The length was another issue – I just don’t do midis, and while I did cut the pattern for the mini, there’s a huge-ass hem included so it was really long before that got turned up. I know midis are ~in~ right now, and you can tell me all you want that they might even be flattering on me – but I’m all legs when it comes to skirt length and I just.can’t.do.it. Honestly, I didn’t really love this skirt on me until the hem was turned up and topstitched into place – and then I was twirling around my sewing room in excitement like a big dork. It’s funny how much the hem can affect how something looks. Anyway, that’s a big part of the reason why my hem is serged and topstitched – I wasn’t if I’d love the finished skirt, so didn’t want to spend tooo much time on the last steps. At any rate, the serging matches the rest of the guts so whatev.

Birthday Brumby!

Sooo in the end, I loved the finished skirt so much that I wore it for my last hurrah of my 20s. Notes about this picture:
– That’s not what you think it is in my hand. It’s hot chicken.
– I love Giorgia Tsoukalos.
– And America.
– And also aliens.
– My coworkers at Elizabth Suzann are awesome and know how to throw (me)the best parties.

Megan Nielsen app

Before I jump off here, let’s talk about the Megan Nielsen Patterns app!

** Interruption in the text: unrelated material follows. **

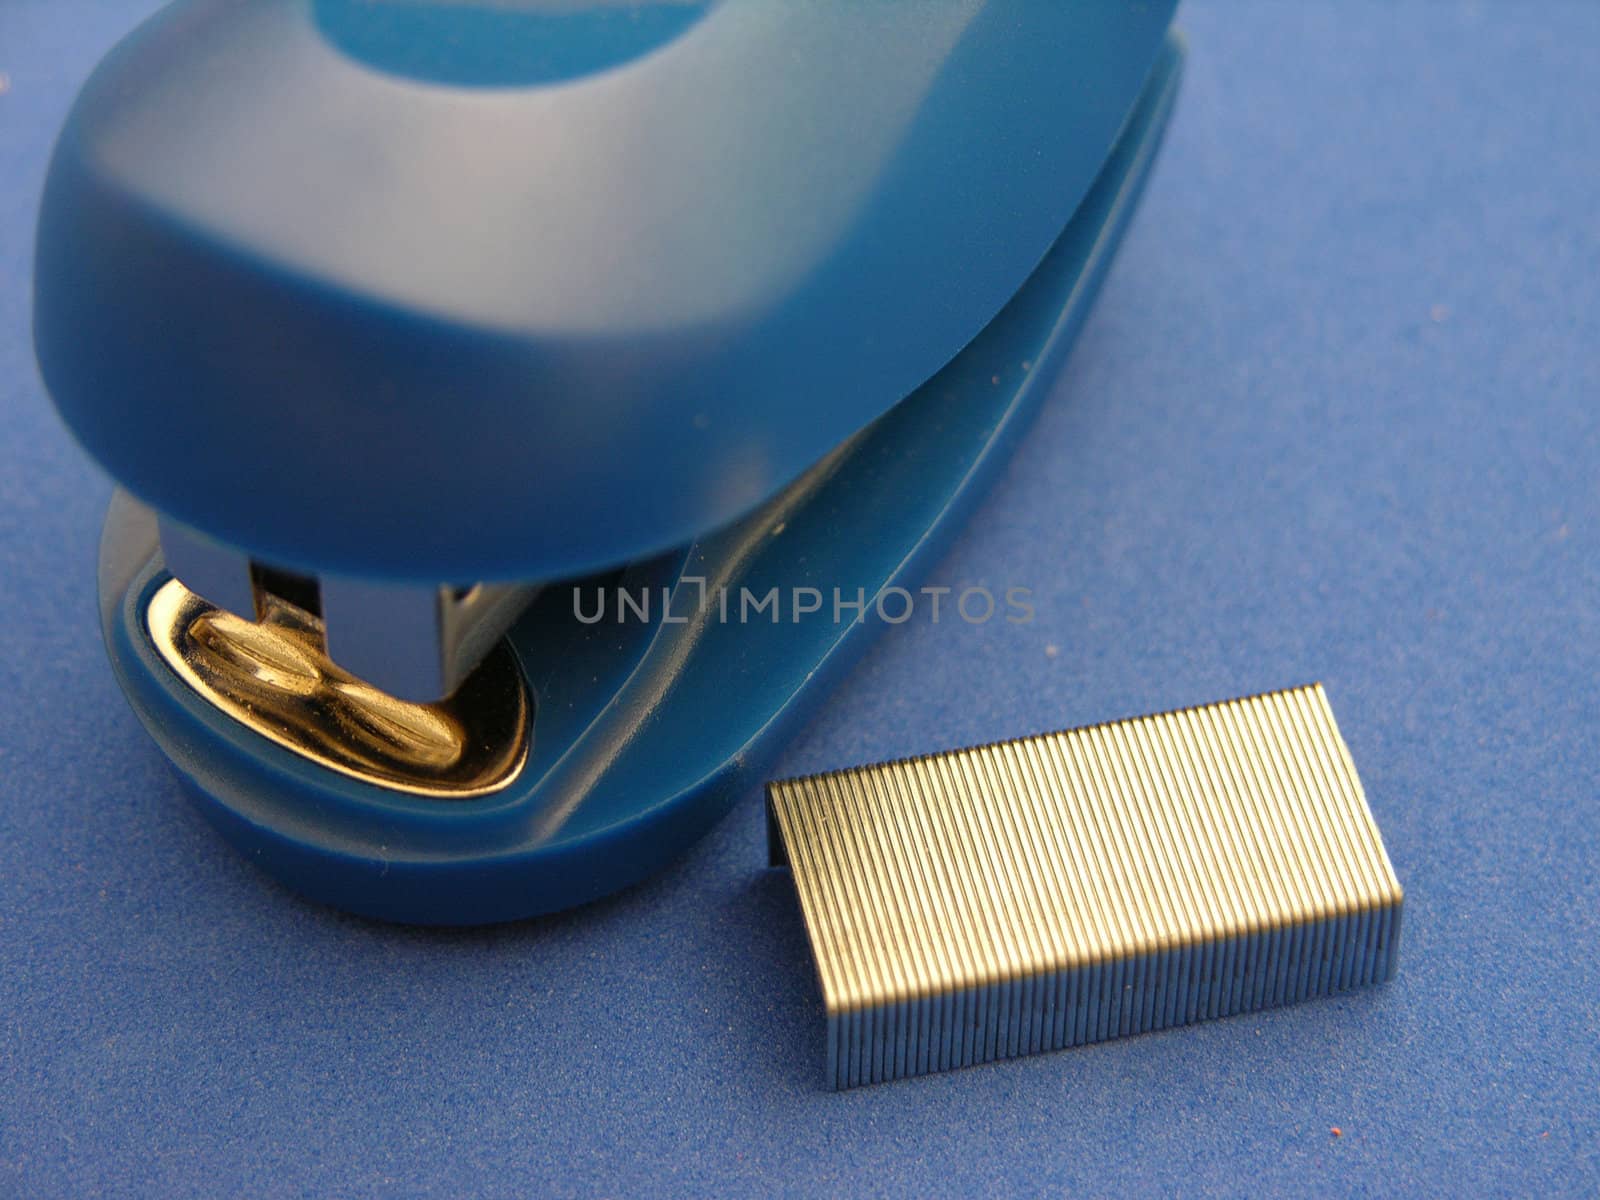 Blue stapler by northwoodsphoto

I will admit – other than my love for sewing blogs, I’m a bit of a paper girl when it comes to sewing media. I like paper patterns and I like having hard copies of the instructions that I can scribble notes (and mustaches) all over. While I think this app is a completely brilliant idea and may very well be the future of sewing patterns – I wasn’t sure if it would actually be useful to me (I’m old-fashioned in that sense, and I’m ok with it). However, I was willing to try it. For science. Also, it’s a free app soooo it’s not like I had anything to lose if I ended up hating it.

Megan Nielsen app

Megan Nielsen app

The main drive behind the app is basically digitizing the instructions you get with your pattern (paper or PDF). Everything from the required materials, to the cutting layouts, to each step of the instructions (cataloged in a way that’s easy to get straight to the section you need, instead of relying on the Endless Scroll) is included in the app. There are also options within the app (and each individual pattern) to view other people’s makes of this pattern, customization suggestions, and links to the tutorials that may be useful while constructing the garment.

Megan Nielsen app

While I probably won’t switch out my paper instructions for digital (again, mustaches), I actually do find bits of this app useful! It’s SUPER handy to have when you’re shopping and need to reference a material’s list – in the past, I’d scribble everything down on paper (all right, I still do that. No shame!), but then you lose your paper, or you find that perfect fabric that doesn’t go with anything on your “make” list, or you forget that you also needed a zipper. I love the tutorial links, as I do use a computer to look up things while I’m sewing – but more often than not, I end up spiraling down this long internet rabbit hole, where I click on links on links on links and then I forget that I was sewing! Lame! So it’s nice to have a direct link in the app, where I can go straight to the tutorial, get the info I need, and get back to the task at hand. Another thing I love about the app is that you can access any tutorial/instructions for any pattern that you own – which is awesome for when I’m using a Megan Nielsen step in a different pattern, such as stealing her Briar neckline binding for my traced tshirts. In the past, I’d just pull the paper instructions out – but I’m always afraid I’m going to lazy out and forget to put them away and eventually lose them (I mean, it must happen – I think about all those vintage patterns we buy that have the wrong instructions or extra pattern pieces in them. Yep!). With the app, everything is in one place and I can quickly find it. So I like that!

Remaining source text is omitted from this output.